Maddi kaygılarımız kadar keşke manevi kaygılarımız da olabilse. Maddi şeyler kaybedilse de ,bir daha kazanılabilir gayretle .Ama maneviyat kaybedildiği zaman tekrar elde etmesi zor olur, yokluğunun yerini dolduran şeyler zamanla alışkanlık yapar hayatımızda, ama sisli, puslu, kara bulutlar gibi. Son yıllarda hızlı adımlarla kaybettiğimiz ahlâkî değerler, gelenek-görenekler, edep-adap, namus, onur, dürüstlük, sadakat gibi değerlerimize tekrar sıkı sıkıya sarılmamız lâzım. Bu sarsıntıların depremlerini her geçen gün hayatlarımızda, televizyonlarda görüyor, izliyoruz. Sizleri de bu gidişat endişelendirmiyor mu? Bu küresel çağda, tüketim toplumunda alış veriş sitelerinde harcadığımız paralar gibi, sosyal medyada ve hayatlarımızın içinde harcadık değerlerimizi. Televizyon karşısında, uyuşmuş şekilde, çekirdek çitler gibi çiftledik günlerimizi.
Yeni yıla girerken bunların muhasebesini yapmak anlamlı olacaktır. Aksi takdirde yıllarda değişen, yalnızca rakamlardır. O yılların içinde yaşanacak olanlar Yüce Rabbimizin iradesi ve biz kulların kararları ve çabalarıyla yaşanacak süreçlerdir.

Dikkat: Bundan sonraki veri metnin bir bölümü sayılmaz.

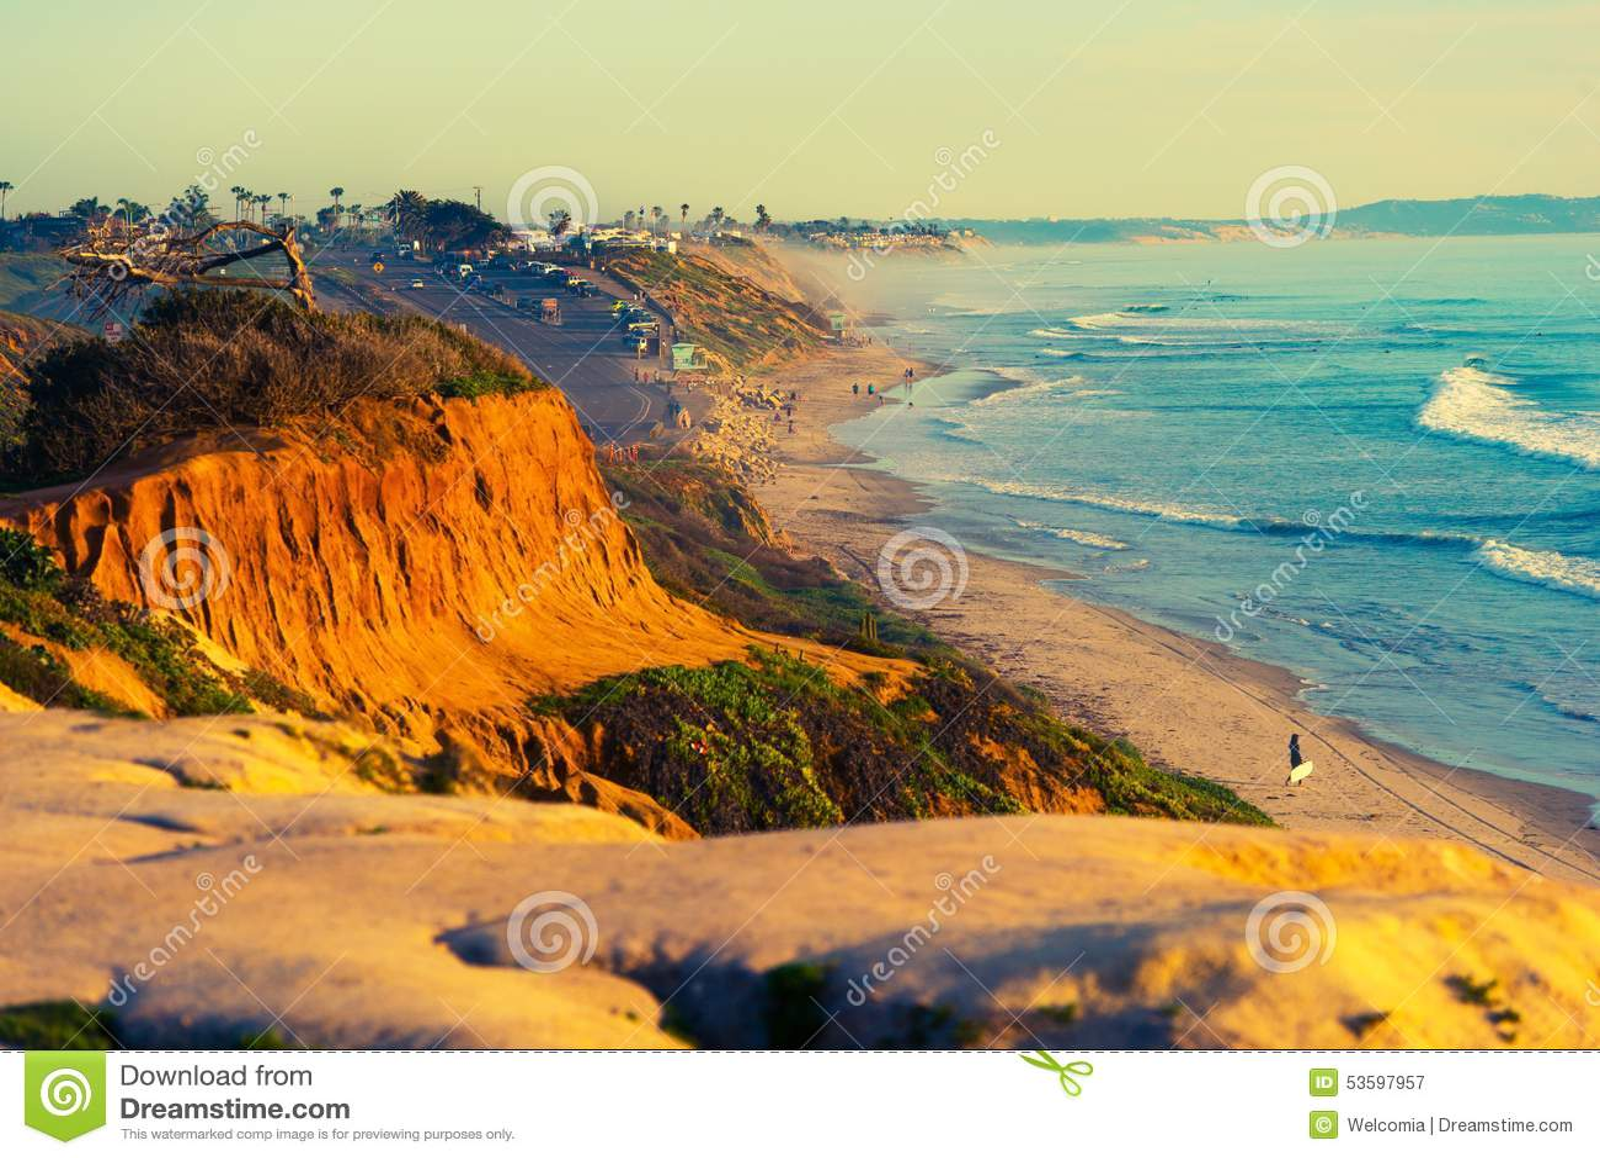 Encinitas海滩在加利福尼亚

Tüm insanoğluna yeni yılda aydınlanma diliyorum. Bizleri ayakta, bir arada tutan değerlere sarılan, maneviyatı üstün tutan, şiddetten uzak, kendini medeniyetin gerisine değil, medeniyet seviyesine taşıyan bir toplum diliyorum. Çünkü medeniyet denilen kavram bir değerler taşıyıcısıdır. Eğitimi diplomayla sınırlamayıp, bilinçlerinde, bilgiyle gerçekleştiren bir boyuta taşıyan bireyler diliyorum. Toplumun en değerli yapıtaşı olan aile kurumunun daha sağlam, sadâkat içinde yapılanmasını, çocukların tek ebeveynli aileye mahkum etmeden toparlanmasını diliyorum. Herkese hayallerinin gerçekleştiği, zamanın kıymetinin bilindiği, aydınlık yarınlar, adil muhakeme, dürüst, yalansız ticaret, geçim sıkıntısının olmadığı, mezun olanın iş bulduğu, evlatlarımızın imanla, güzel ahlakla, kaygısız geleceklere yürüyebildiği yıllar diliyorum. Daha çok dileğim var elbet ama ben uzatmadan gerisini sizin güzel yüreklerinden geçen hayırlı dua ve dileklere bırakıyorum.